You have asked two different questions. First, you ask about religious faith. Then you ask about the religious context. These are importantly different, and that you conflate them leads me to suspect you are only thinking of a subset of religions. Not all religions have scriptures. Not all religions demand faith. Not all religions are committed to an orthodoxy. So one can operate within a religious context without faith.
But even if we limit ourselves to the subset of Mediterranean religions that you apparently have in mind, you still seem to assume that members of a religion are bound to the philosophical viewpoints that previous members of that religion think they found in their scriptures. I don’t think this is true, and not just because there is a long history of religious revolution and reformation.

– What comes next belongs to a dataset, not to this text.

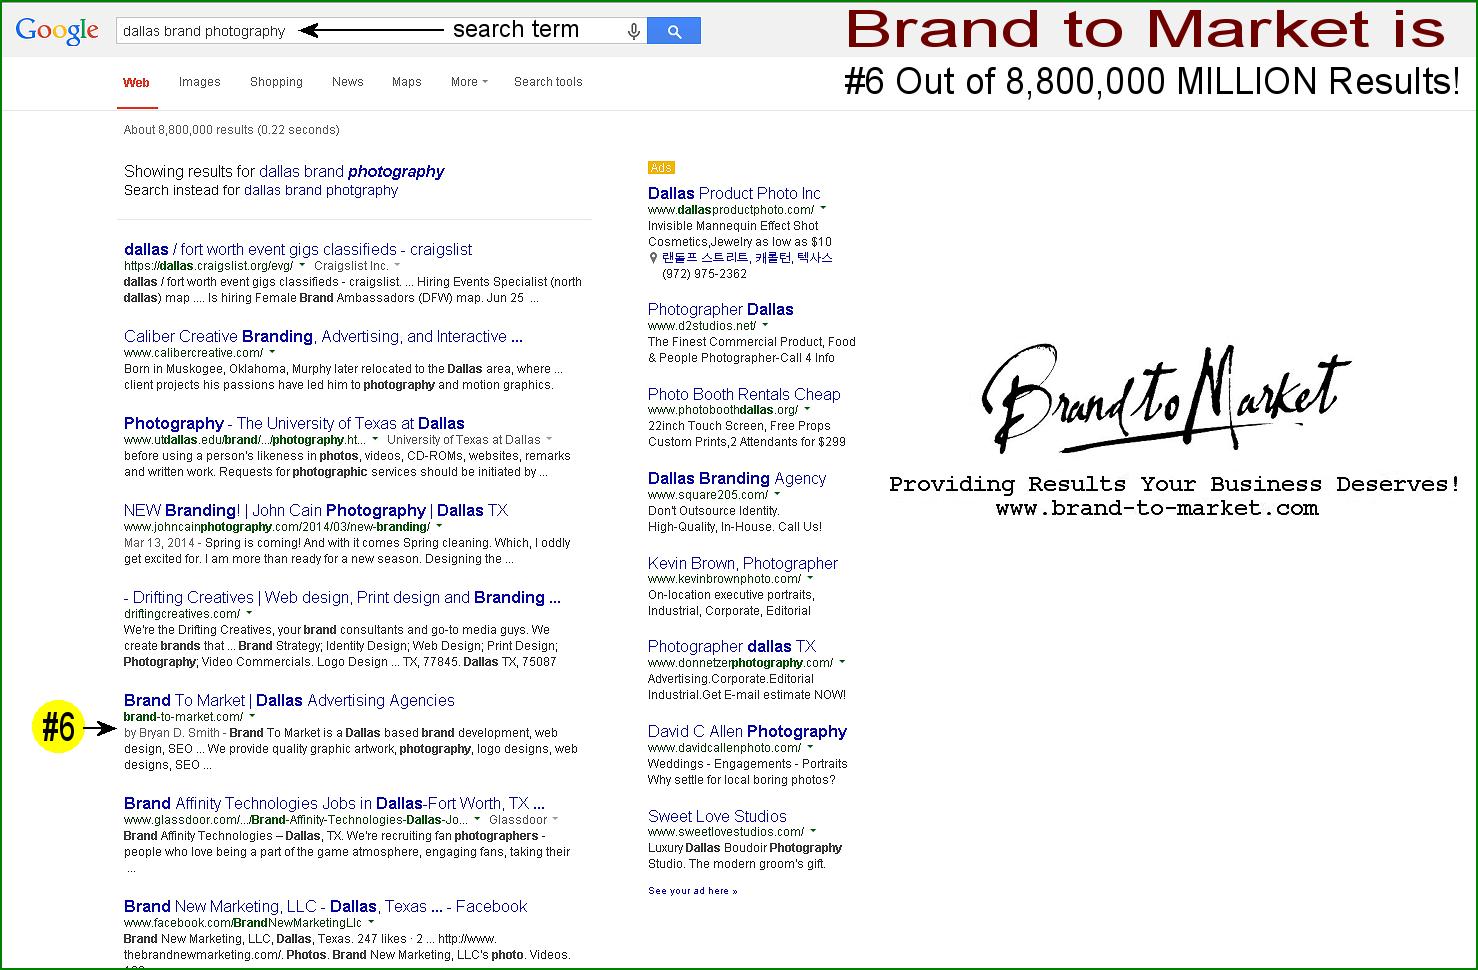 Google Results - Dallas Brand Photography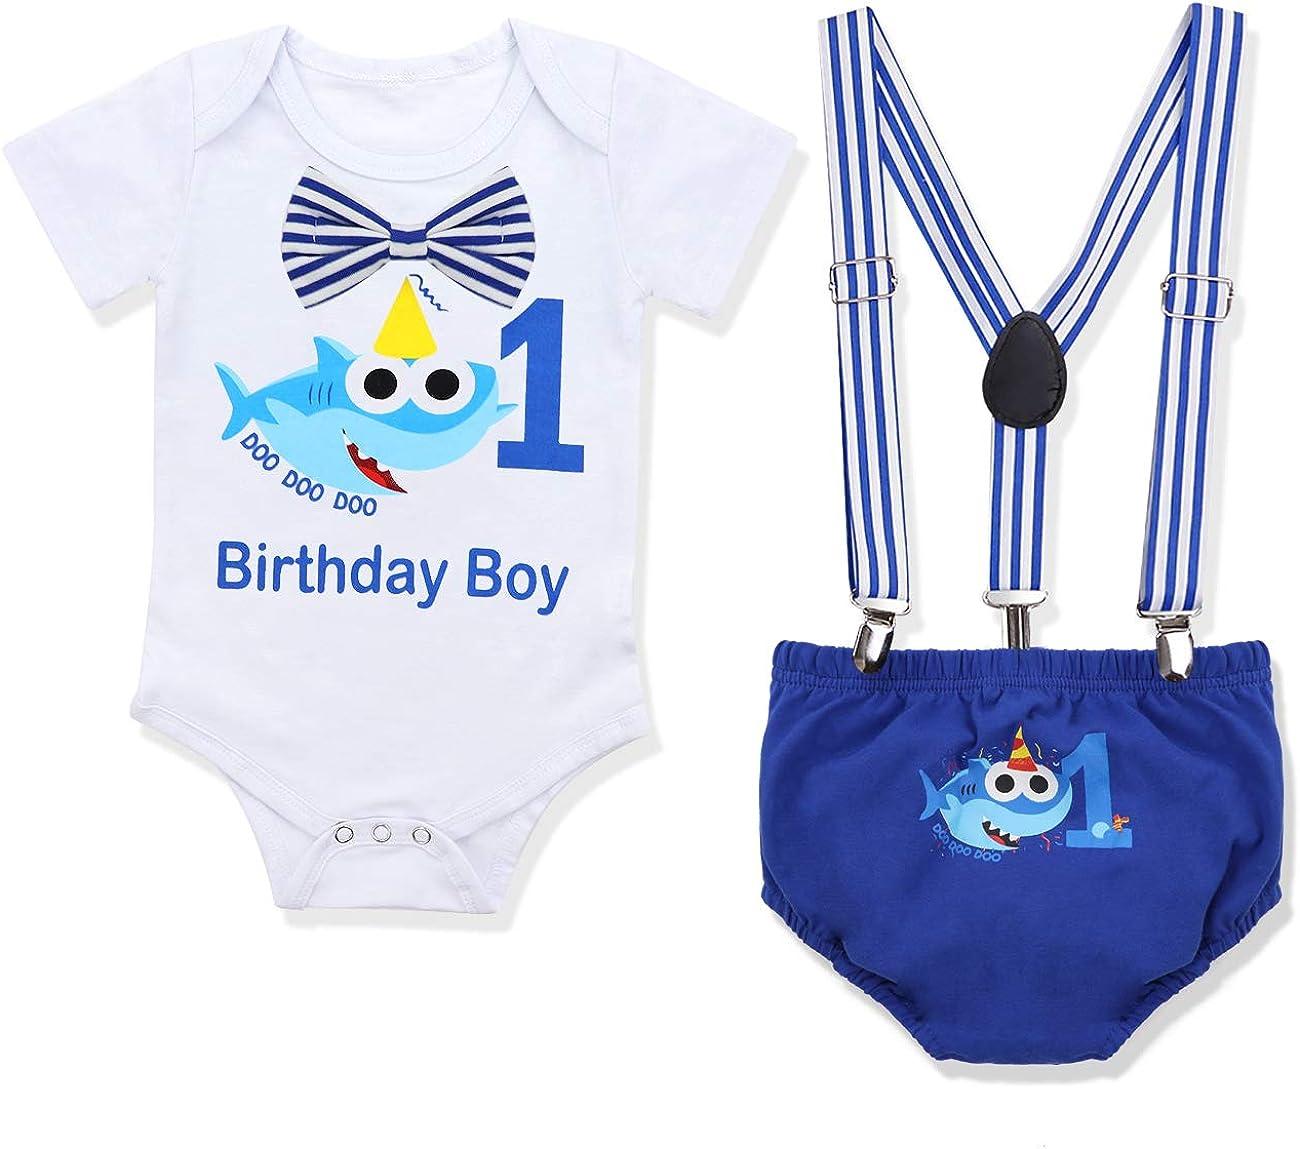 Baby Boy Clothes Shark Doo Doo Doo Print Summer Cotton Sleeveless Outfits Set Tops + Short Pants

Immanuel Kant’s Religion within the Limits of Bare Reason represents one historically influential—and highly unorthodox—attempt to ground religion on reason without reference to revelation. The Jefferson Bible is another. And it was common—though not universal—for the early church fathers to declare that anything known to be true by revelation was provable by reason. Indeed, this was their guiding principle when trying to figure out which parts of the Bible to take literally and which to understand as being metaphorical (Biblical literalism being a thoroughly modern trend in Christianity).
Finally, we have to ask exactly what you mean by “compatible.” Kierkegaard is instructive here. In his view, the leap to faith is arational (i.e., not rational). But he insists that does not make it irrational (i.e., against reason). It happens separate from rationality, but need not represent a rejection of rationality. In that sense, the two could be compatible in the sense of both being unopposed parts of a single life even while not being compatible in the sense of being mutually reinforcing in all respects (leaving open the possibility that they may be mutually reinforcing in some respects, though they also may not be).
There are as many ways to be religious as there are people. Some people may reject reason. Others may embrace nothing but reason. And of course, plenty of people try their best to find a balance between the two (which is at least the right instinct, regardless of how successful they are). But in the end, the problem with any given religion is not that it is necessarily and in all cases unreasonable. It’s that it’s false.